We can buy all kinds of fresh fruit and vegetables from the little street vendors here. Lately, a little old truck has been coming on our street each Wednesday. It is a little mom and her two sons, and we see them as we leave our morning shift at the temple around 1:00-2:00 pm. One boy drives the truck and the other is the PR guy. He smiles and waves us over, and the mom oversees the whole business. We told the other missionaries about them and others have been buying them, too. Here are the tings we got this week. They cut them open so you can taste the samples. This whole thing was about Q50, or about $6.00 in American money!

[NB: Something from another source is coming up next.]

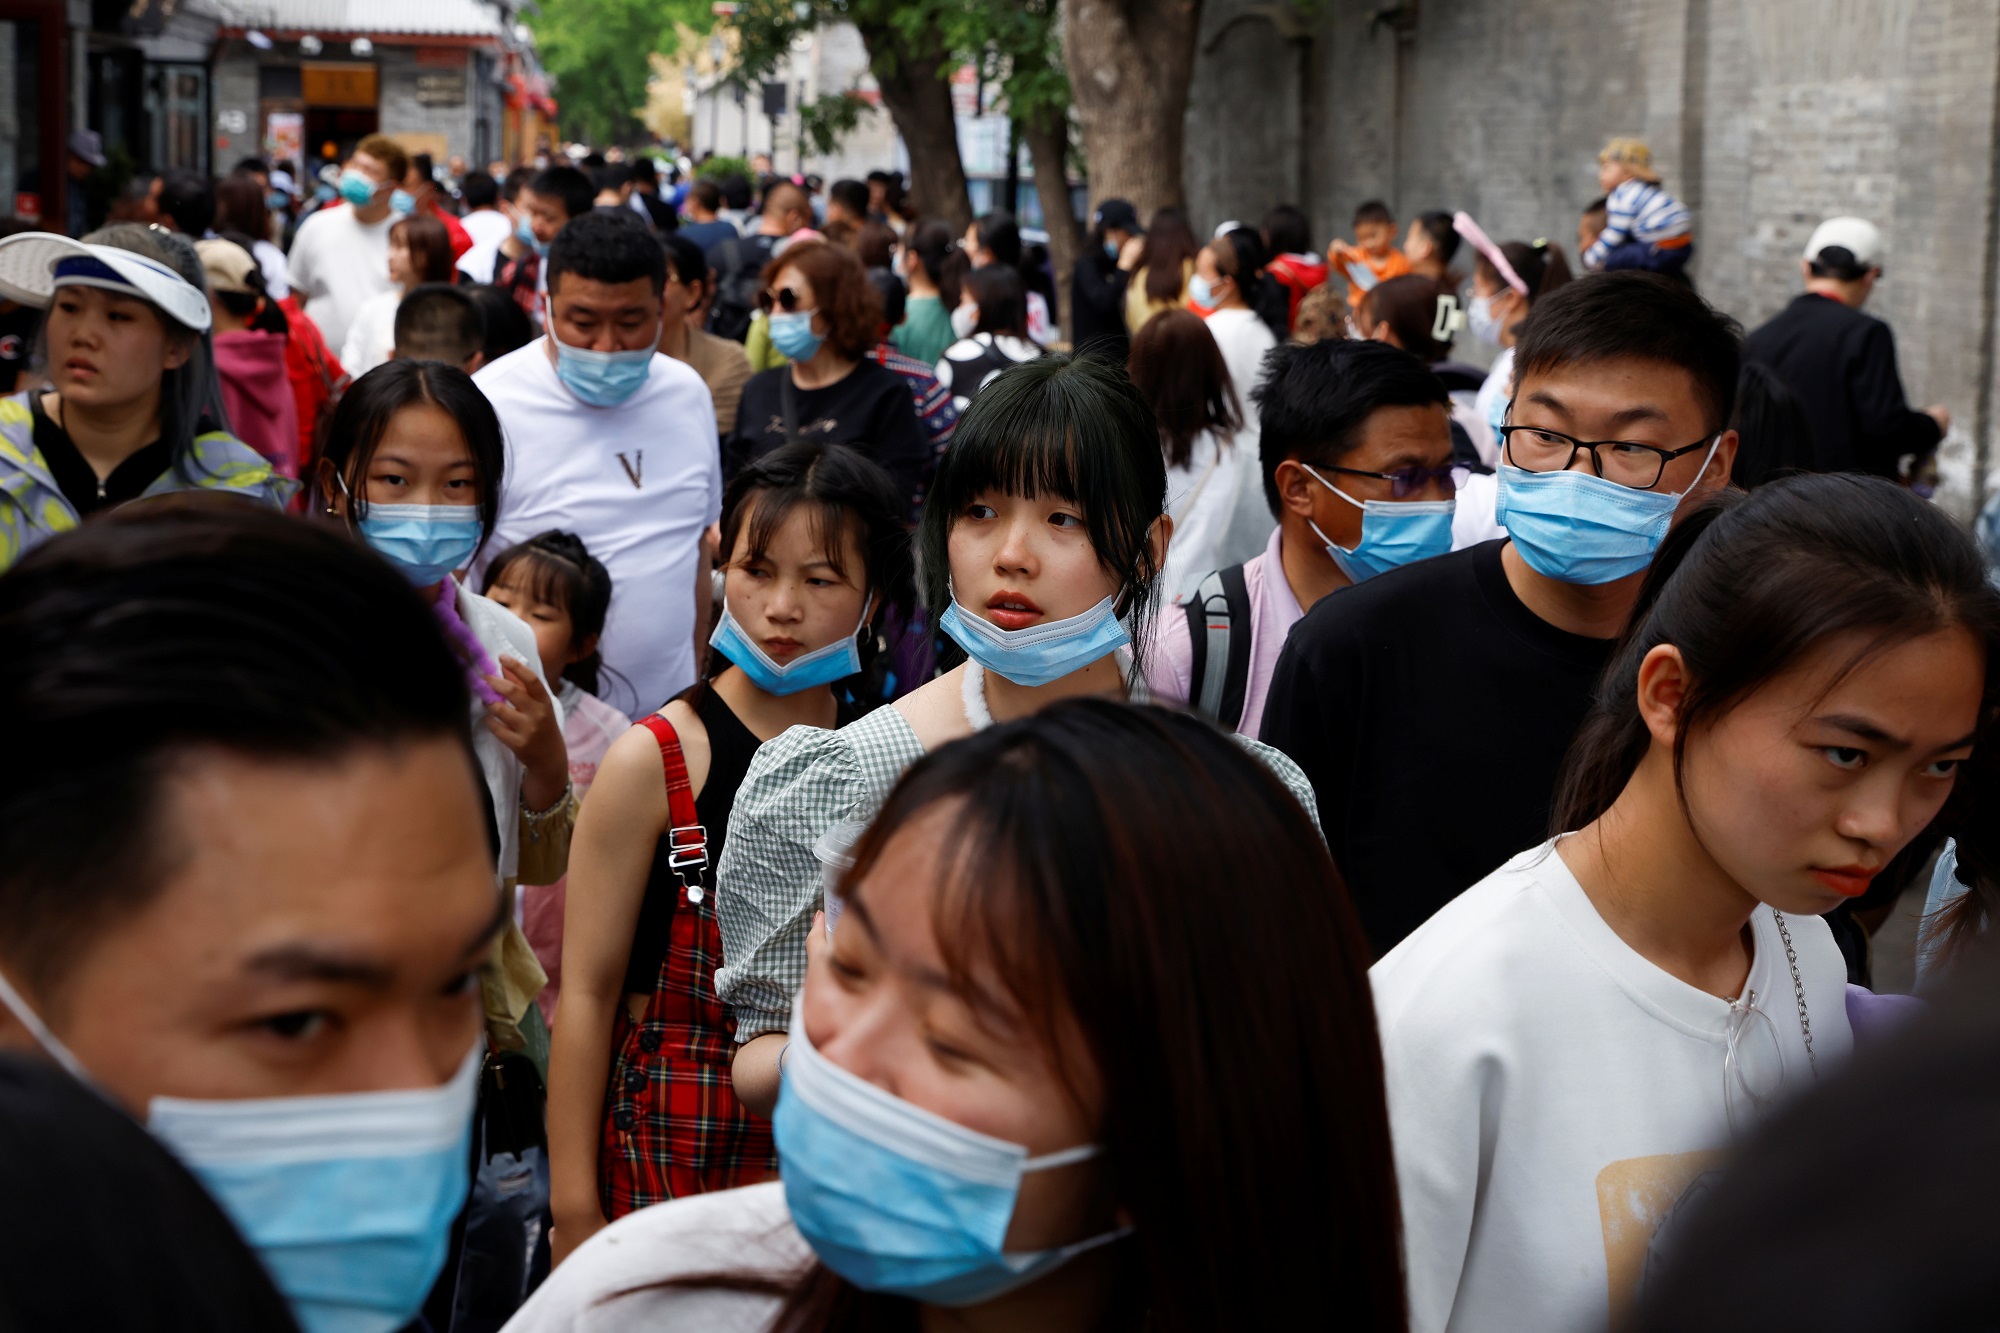 تجمع لصينيين في شارع خلال عطلة عيد العمال. (رويترز)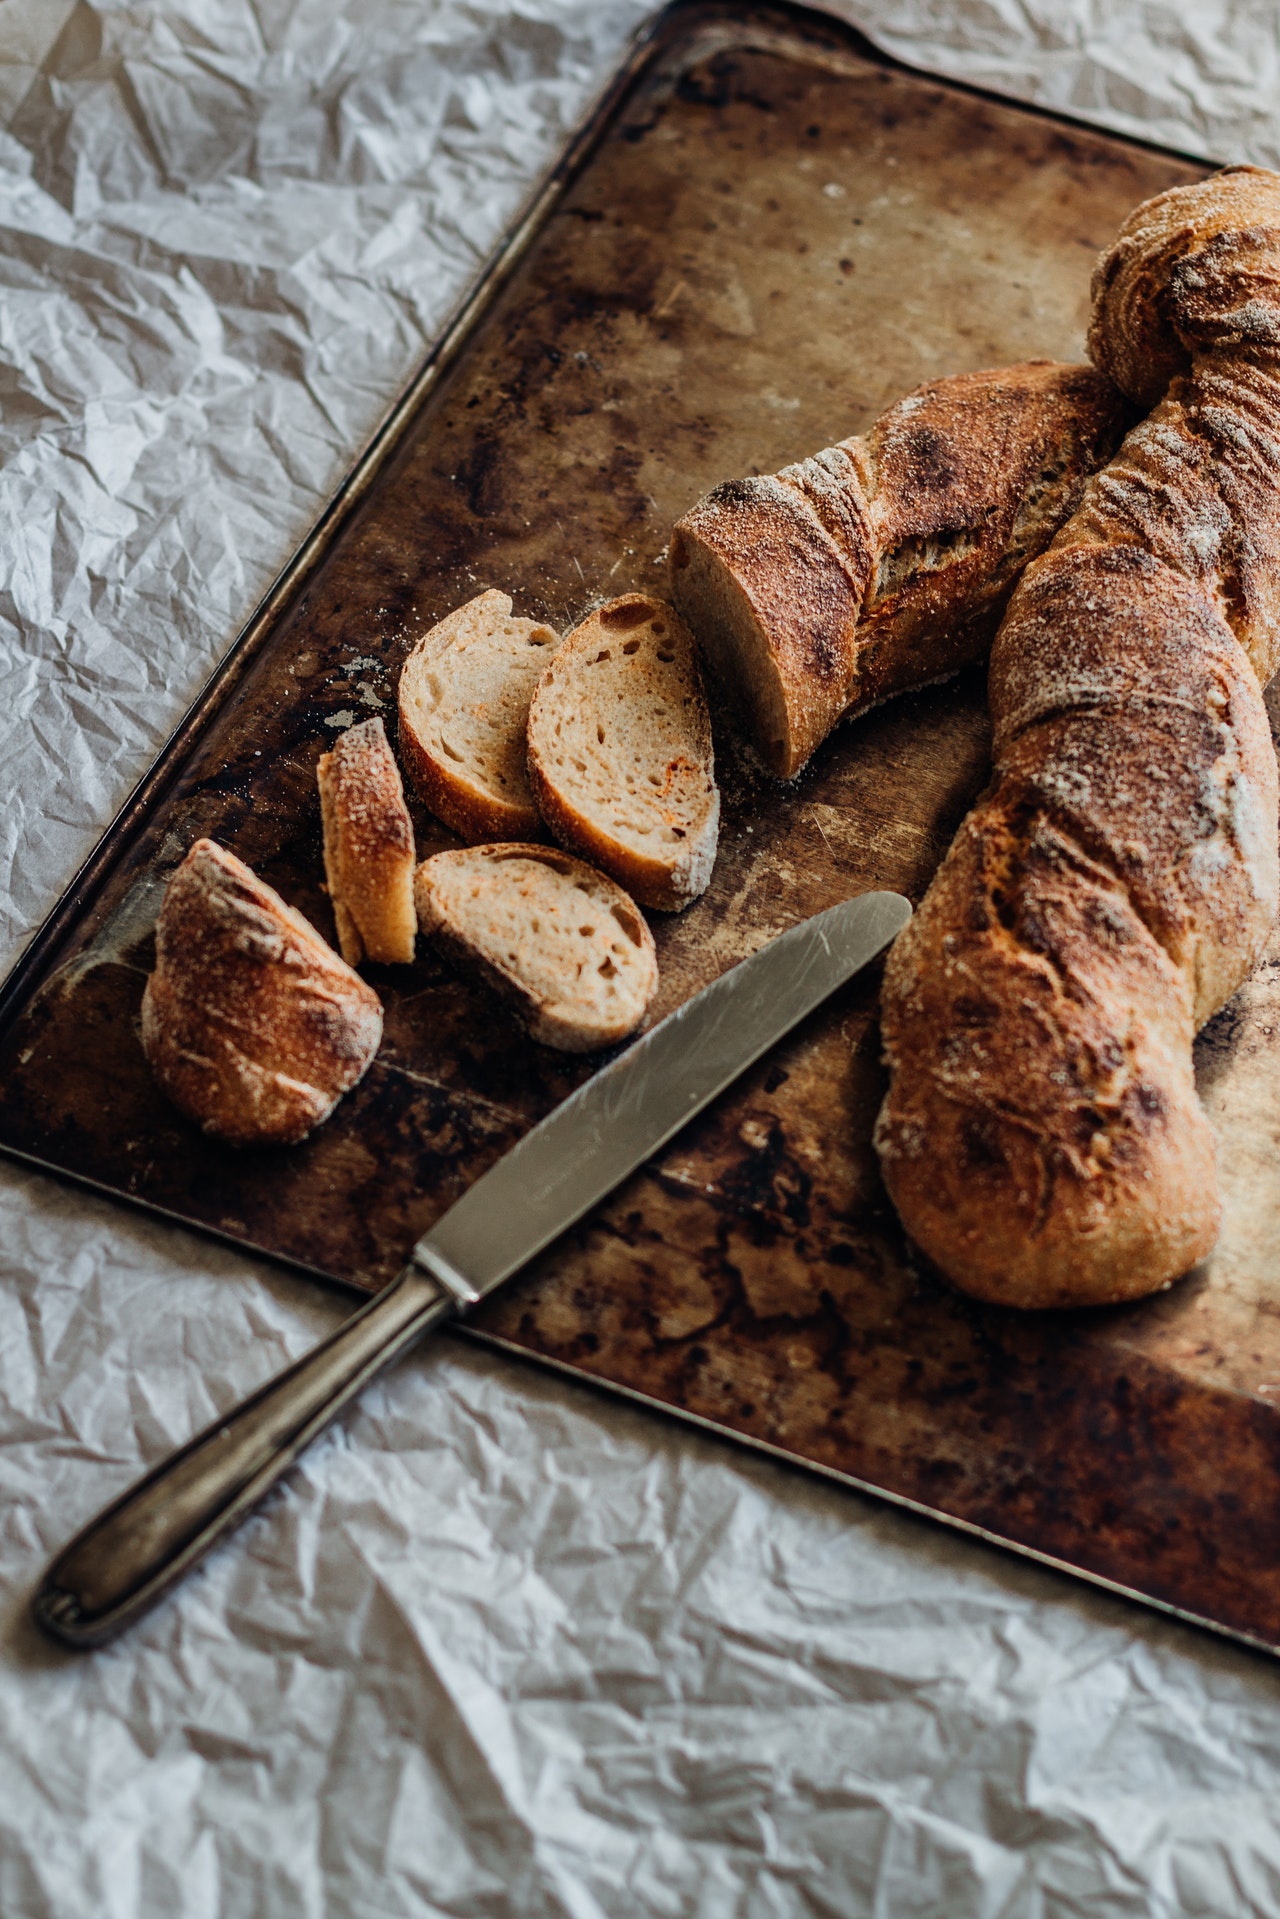 100% Einkorn Bread Recipe – surprisingly delicious!

I have neglected the blog lately, so I thought it might be fun to tell you a little about the people we work with here. We had these two single sisters over for lunch today and it was really fun. Sister Guzman, on the left, came on her mission in January, during the break. Julie got to meet her and she is a lovely, gracious person! She is originally from Chile, but moved to Australia where she lived for many years with her husband. She has no children, but has raised a niece and nephew... They were her sister's children, who died in a sad drowning accident in Australia. She also cared for her husband who died from a rare distrophy disease a few years ago at 62. She worked in the temple there and speaks fluent English and Spanish, so she has adapted beautifully! Sister Paniagua, on the right, was born in Quetzeltenango, so she is a native Guatemalan... It's a homecoming for her and she is very proud of her heritage. She raised four sons on her own, after her husband left when she was pregnant with the forth! She lived in California and worked in L.A. Temple, but has lived in Woods Cross, Utah for the last 25 years and worked at Dick's Market in Centerville for that long. Her boys all live in Centerville, Bountiful, and Woods Cross. She has been here for two weeks and in enjoying seeing people she knew from Guatemala before the temple. She is going great and has a funny personality.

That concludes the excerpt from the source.